A common workflow when profiling an application with nvprof is to simply run srun ... nvprof <application> <args>
, which provides a summary of CUDA API and GPU kernel activity in the application. One can achieve approximately the same output as nvprof ./my_code.exe
using Nsight Systems by running
srun <args> nsys profile --stats=true -t nvtx,cuda <code> <args>
The -t nvtx,cuda
flag instructs Nsight to trace only NVTX and CUDA activity, and to ignore most other activity. (If the application has no NVTX markers, one can use simply -t cuda
.) The --stats=true
flag tells Nsight to print a summary of the application's performance to STDOUT, similar to the output from nvprof. The Nsight output resembles the following:
Generating CUDA API Statistics...
CUDA API Statistics (nanoseconds)
Time(%) Total Time Calls Average Minimum Maximum Name
------- -------------- ---------- -------------- -------------- -------------- --------------------------------------------------------------------------------
90.8 8972535373 112 80111923.0 2387 365592608 cudaDeviceSynchronize
6.2 611000099 791 772440.1 385 299035623 cudaFree
2.7 268607547 745 360547.0 1428 245707260 cudaMalloc
0.1 12623512 56 225419.9 10369 813038 cudaMemcpy
0.1 8696988 108 80527.7 4748 7362867 cudaLaunchKernel
0.0 4813263 566 8504.0 6091 132788 cudaMemcpy2D
0.0 3653793 735 4971.1 2602 68339 cudaMemset
0.0 30464 18 1692.4 907 11455 cudaEventDestroy
0.0 17824 18 990.2 434 7087 cudaEventCreateWithFlags
0.0 7115 3 2371.7 2157 2544 cuInit
Generating CUDA Kernel Statistics...
CUDA Kernel Statistics (nanoseconds)
Time(%) Total Time Instances Average Minimum Maximum Name
------- -------------- ---------- -------------- -------------- -------------- --------------------------------------------------------------------------------------------------------------------
73.5 6590057118 36 183057142.2 63000409 365588974 void kronmult6_xbatched<double>(int, double const* const*, int, double**, double**, double**, int)

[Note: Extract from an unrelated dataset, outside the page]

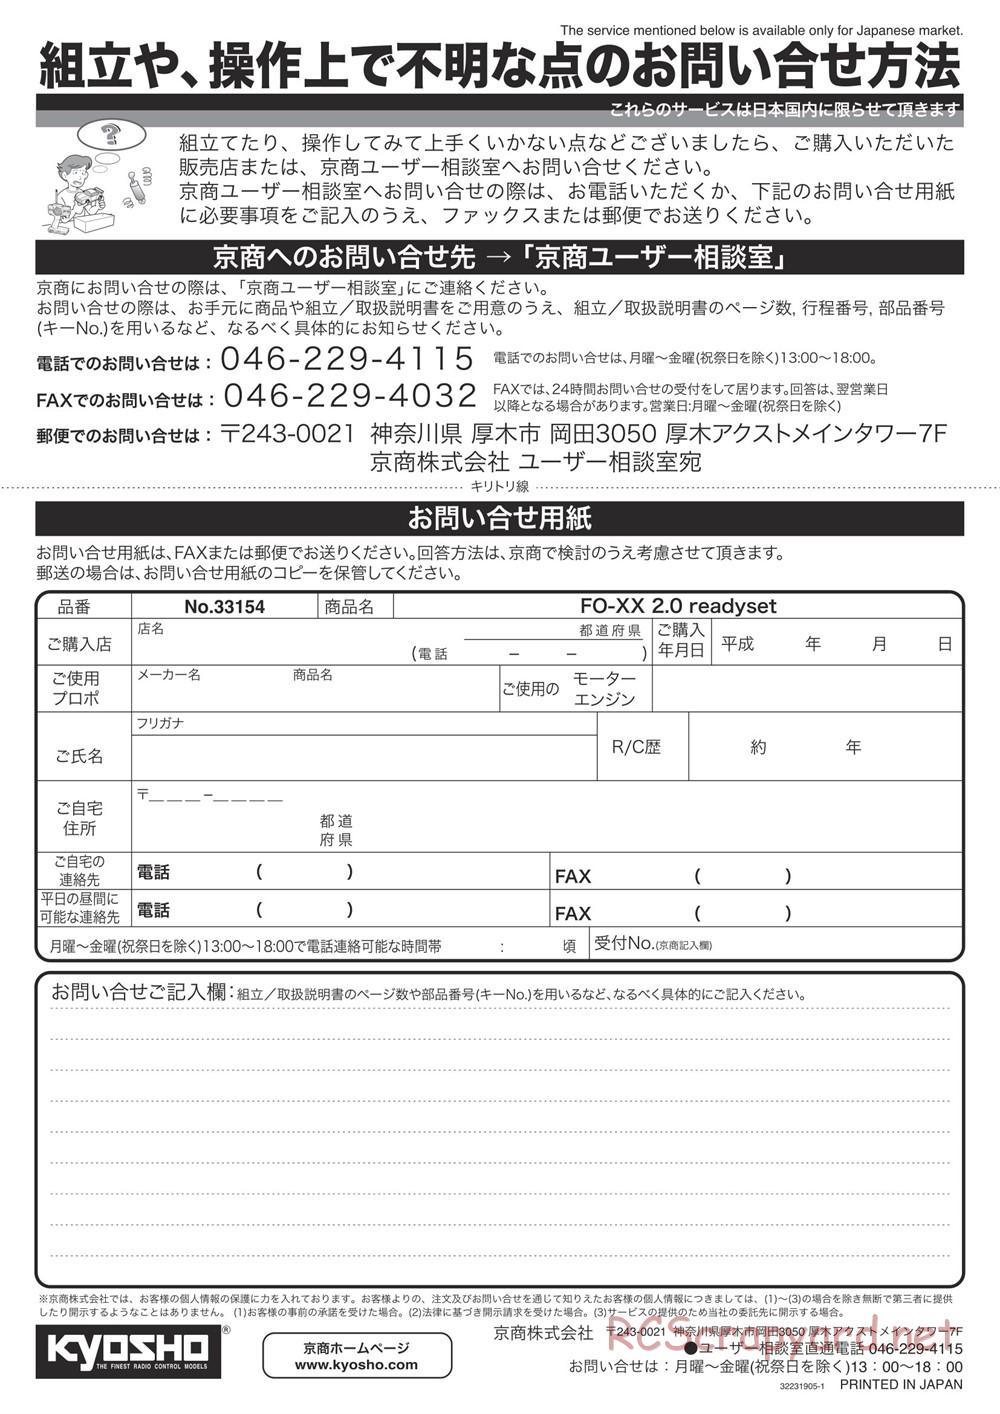 Kyosho - FO-XX 2.0 - Manual - Page 51

26.3 2357802925 36 65494525.7 26495997 103555789 void stage_inputs_kronmult_kernel<double>(double const*, double*, int, int)
0.3 23804445 36 661234.6 119999 1512978 void prepare_kronmult_kernel<double>(int const*, double* const*, int, double*, double*, double*, double**, double**, double**, double**, int, int, int, int, int, int, int)
Generating CUDA Memory Operation Statistics...
CUDA Memory Operation Statistics (nanoseconds)
Time(%) Total Time Operations Average Minimum Maximum Name
------- -------------- ---------- -------------- -------------- -------------- --------------------------------------------------------------------------------
51.9 4952754 161 30762.4 1280 530651 [CUDA memcpy HtoD]
32.1 3065729 9 340636.6 327772 359420 [CUDA memcpy DtoH]
10.8 1026448 735 1396.5 1119 9089 [CUDA memset]
5.2 496228 452 1097.8 1055 1728 [CUDA memcpy DtoD]
CUDA Memory Operation Statistics (KiB)
Total Operations Average Minimum Maximum Name
------------------- -------------- ------------------- ----------------- ------------------- --------------------------------------------------------------------------------
54253.937 735 73.815 0.281 2853.352 [CUDA memset]
27030.883 161 167.894 0.109 2853.352 [CUDA memcpy HtoD]
25680.164 9 2853.352 2853.352 2853.352 [CUDA memcpy DtoH]
226.000 452 0.500 0.500 0.500 [CUDA memcpy DtoD]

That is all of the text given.